[Action item]: Word for word, restate the listing; omit the pictures.

[Information supplied]:
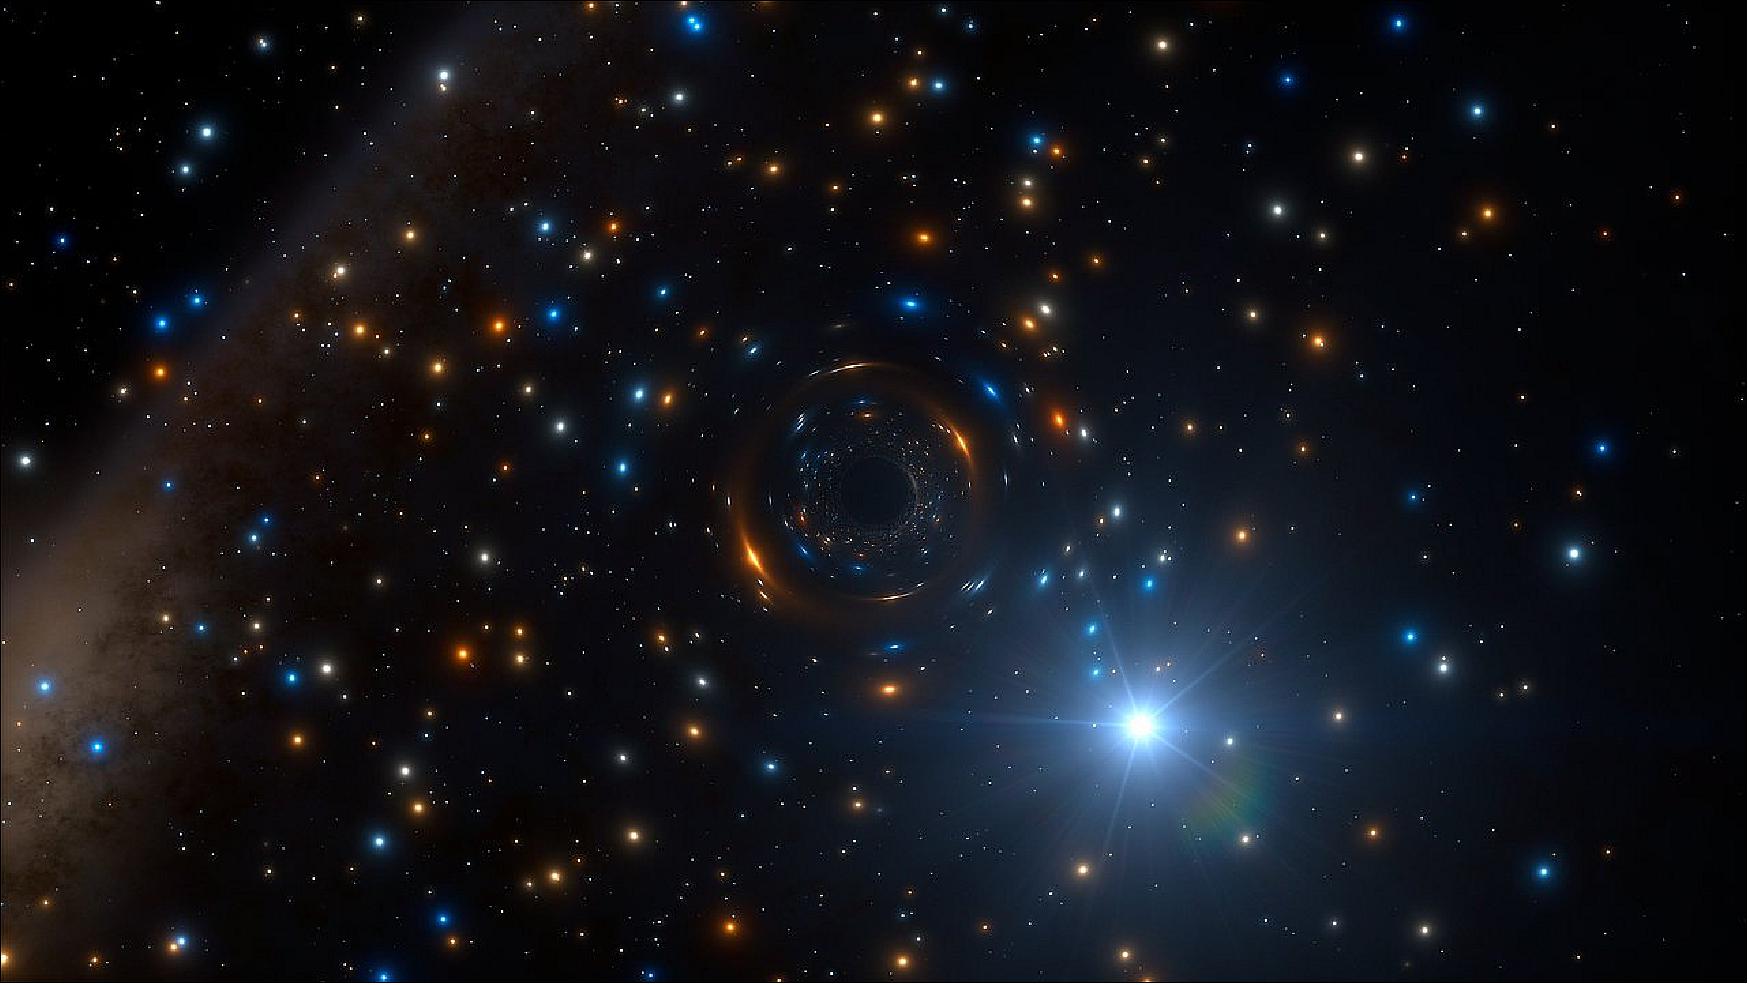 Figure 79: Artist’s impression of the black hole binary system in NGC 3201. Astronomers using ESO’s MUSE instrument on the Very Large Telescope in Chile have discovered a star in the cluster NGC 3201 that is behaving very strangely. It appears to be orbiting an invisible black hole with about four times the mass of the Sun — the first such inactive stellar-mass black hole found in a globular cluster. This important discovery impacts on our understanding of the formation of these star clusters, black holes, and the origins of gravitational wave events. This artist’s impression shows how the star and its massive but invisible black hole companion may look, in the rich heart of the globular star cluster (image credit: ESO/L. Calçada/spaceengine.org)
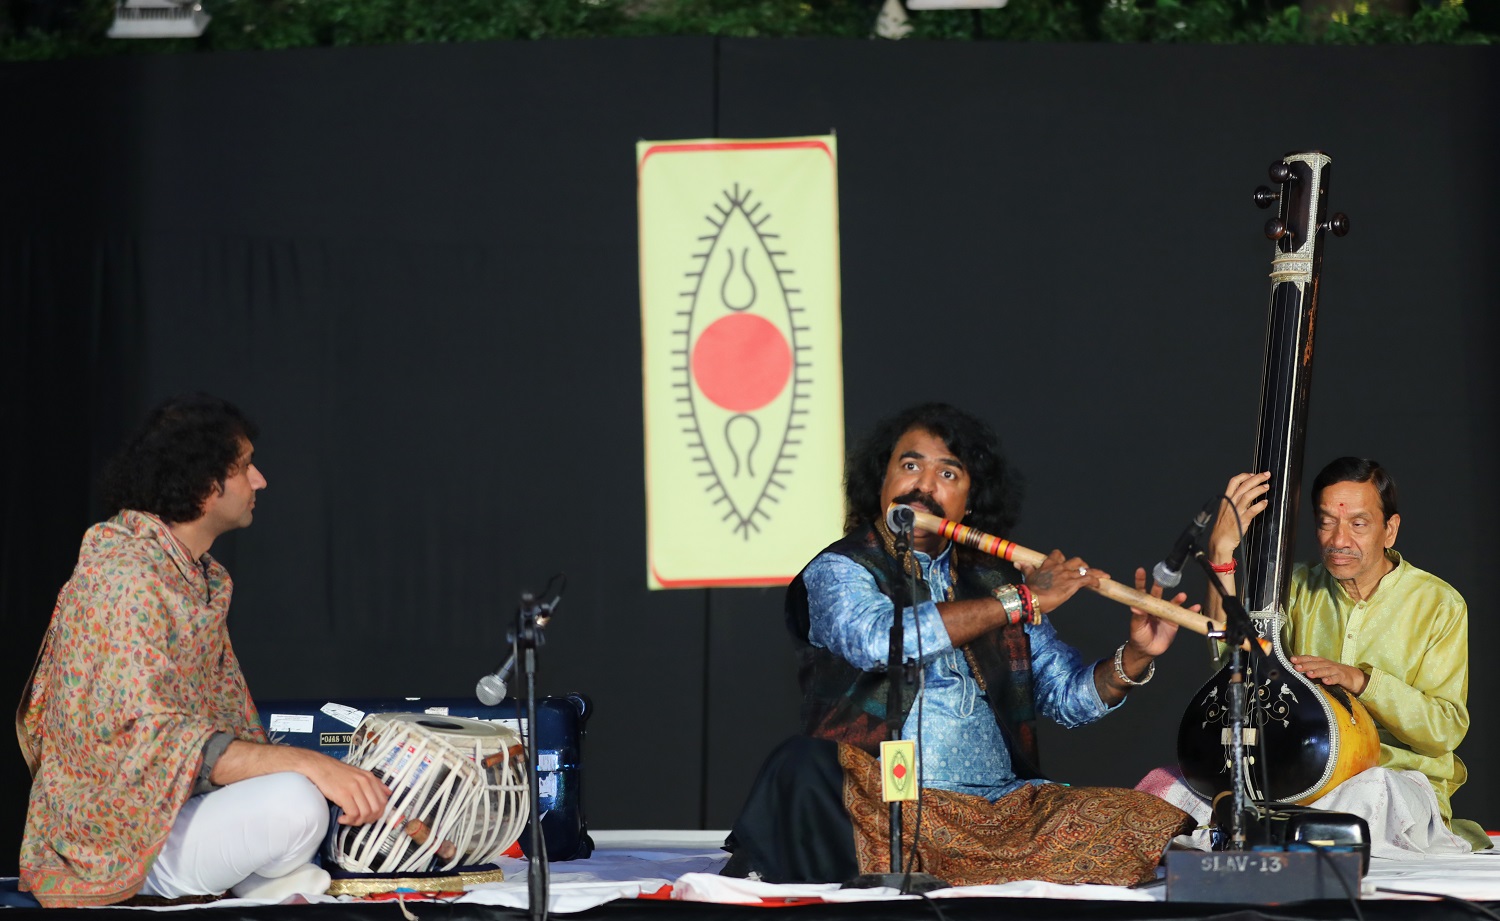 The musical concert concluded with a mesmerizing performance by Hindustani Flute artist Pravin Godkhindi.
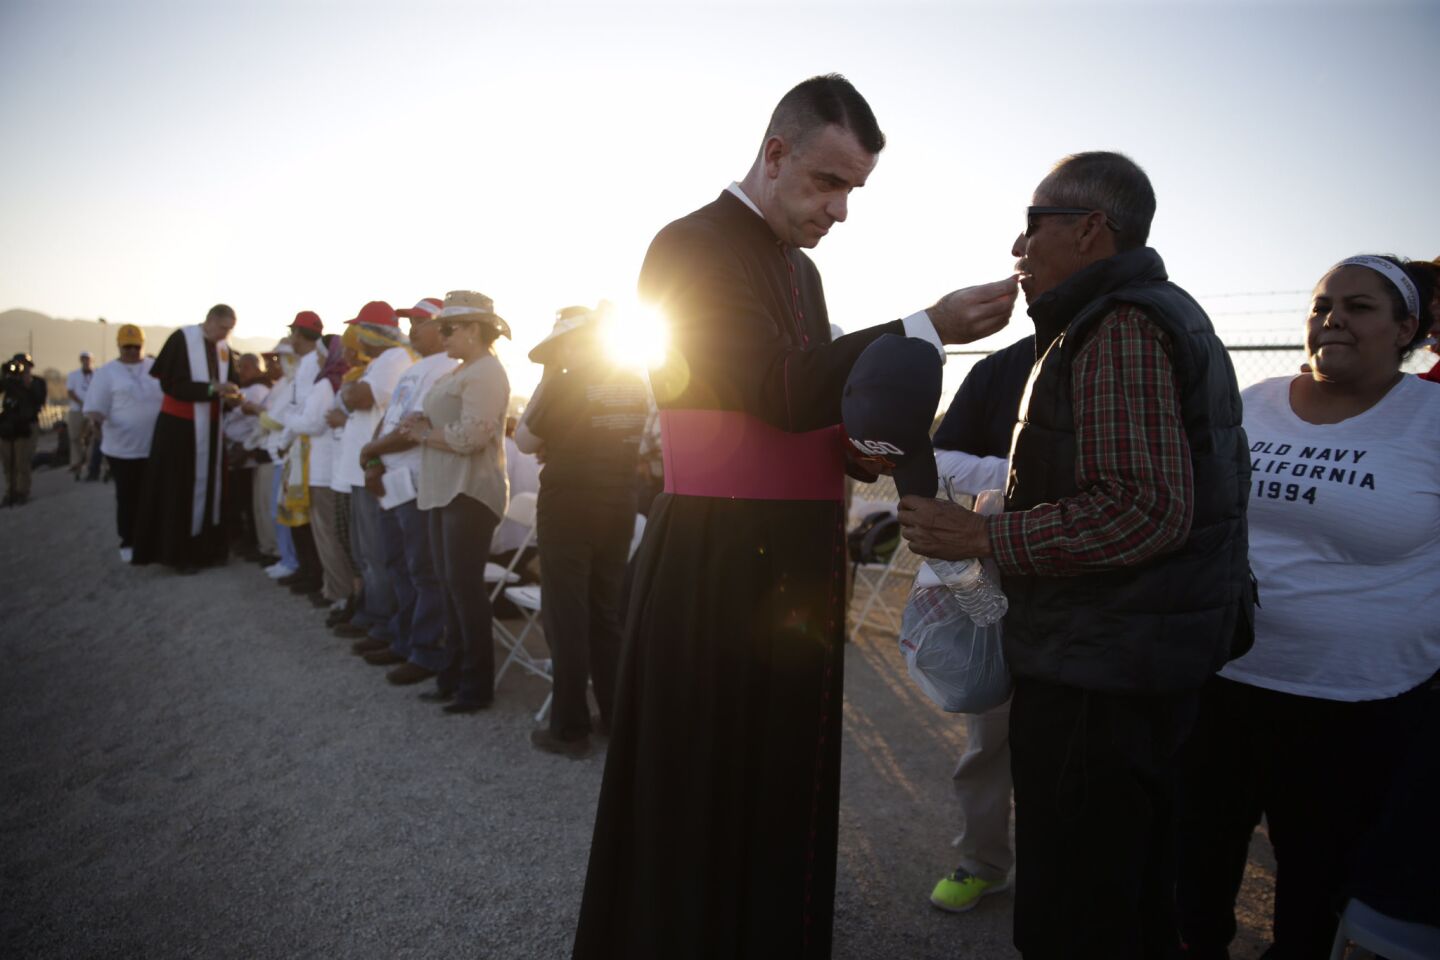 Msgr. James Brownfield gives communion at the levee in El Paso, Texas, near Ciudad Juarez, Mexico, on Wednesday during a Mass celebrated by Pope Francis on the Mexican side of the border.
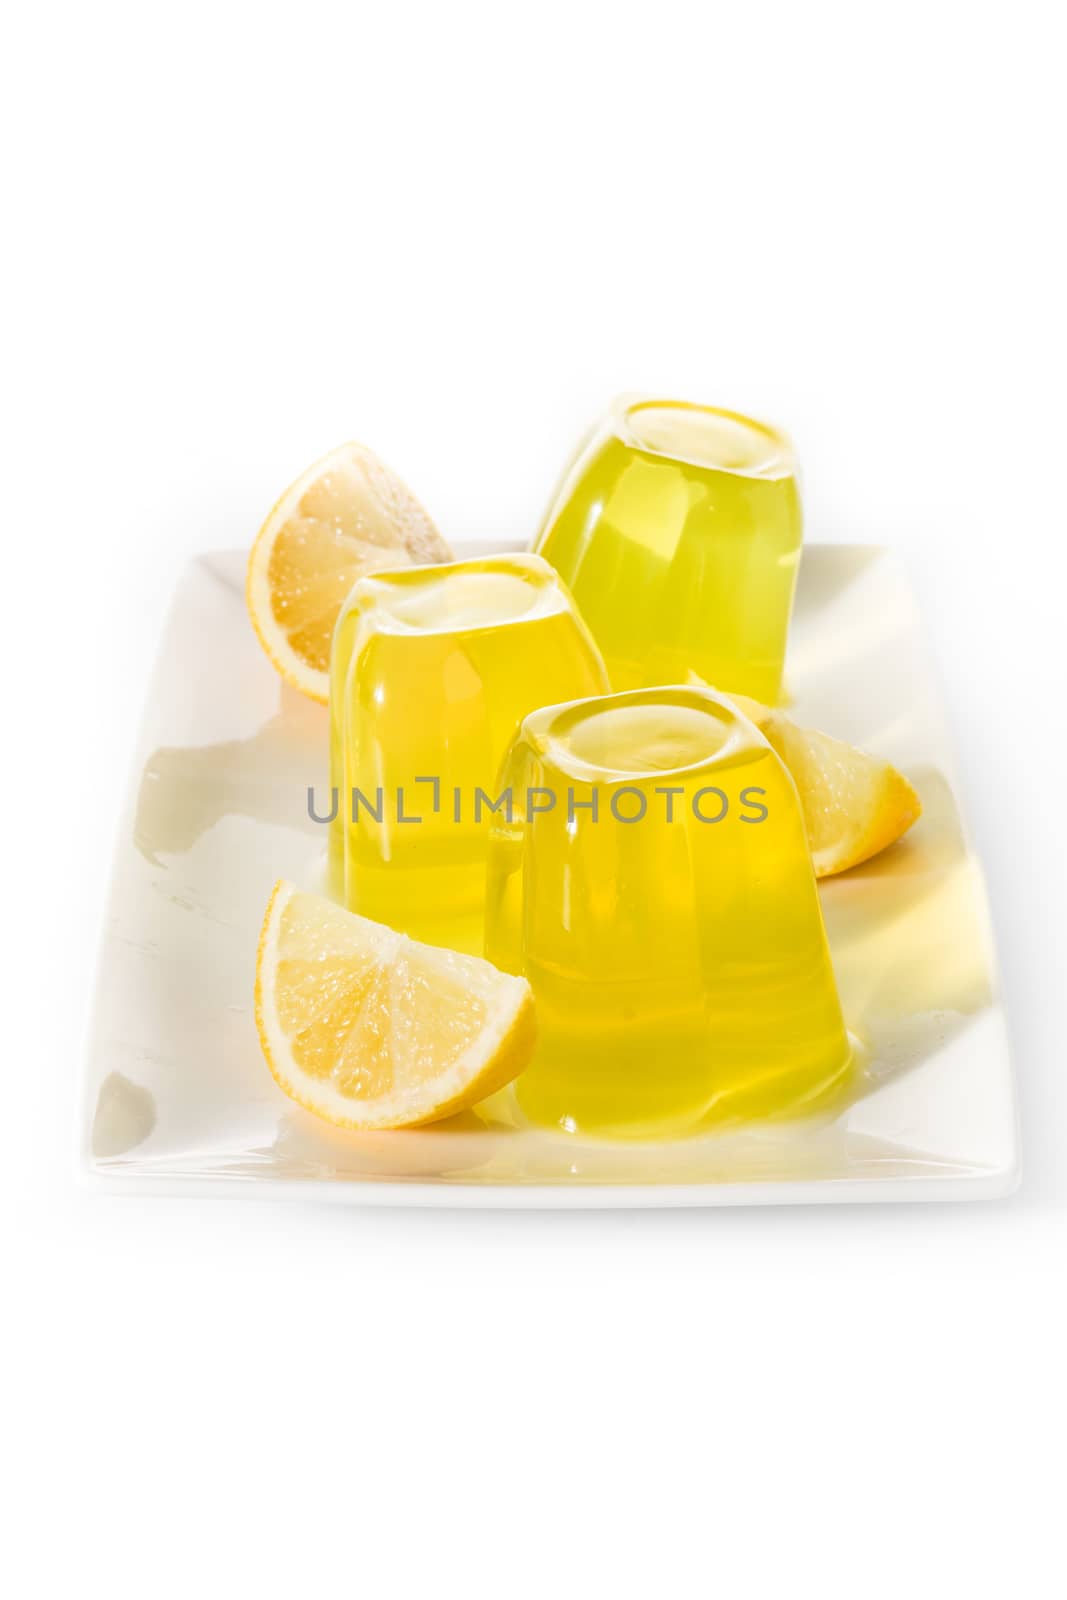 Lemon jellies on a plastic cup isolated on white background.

[Written response]:
 Figure 79: Artist’s impression of the black hole binary system in NGC 3201. Astronomers using ESO’s MUSE instrument on the Very Large Telescope in Chile have discovered a star in the cluster NGC 3201 that is behaving very strangely. It appears to be orbiting an invisible black hole with about four times the mass of the Sun — the first such inactive stellar-mass black hole found in a globular cluster. This important discovery impacts on our understanding of the formation of these star clusters, black holes, and the origins of gravitational wave events. This artist’s impression shows how the star and its massive but invisible black hole companion may look, in the rich heart of the globular star cluster (image credit: ESO/L. Calçada/spaceengine.org)
 The musical concert concluded with a mesmerizing performance by Hindustani Flute artist Pravin Godkhindi.
 Msgr. James Brownfield gives communion at the levee in El Paso, Texas, near Ciudad Juarez, Mexico, on Wednesday during a Mass celebrated by Pope Francis on the Mexican side of the border.
 Lemon jellies on a plastic cup isolated on white background.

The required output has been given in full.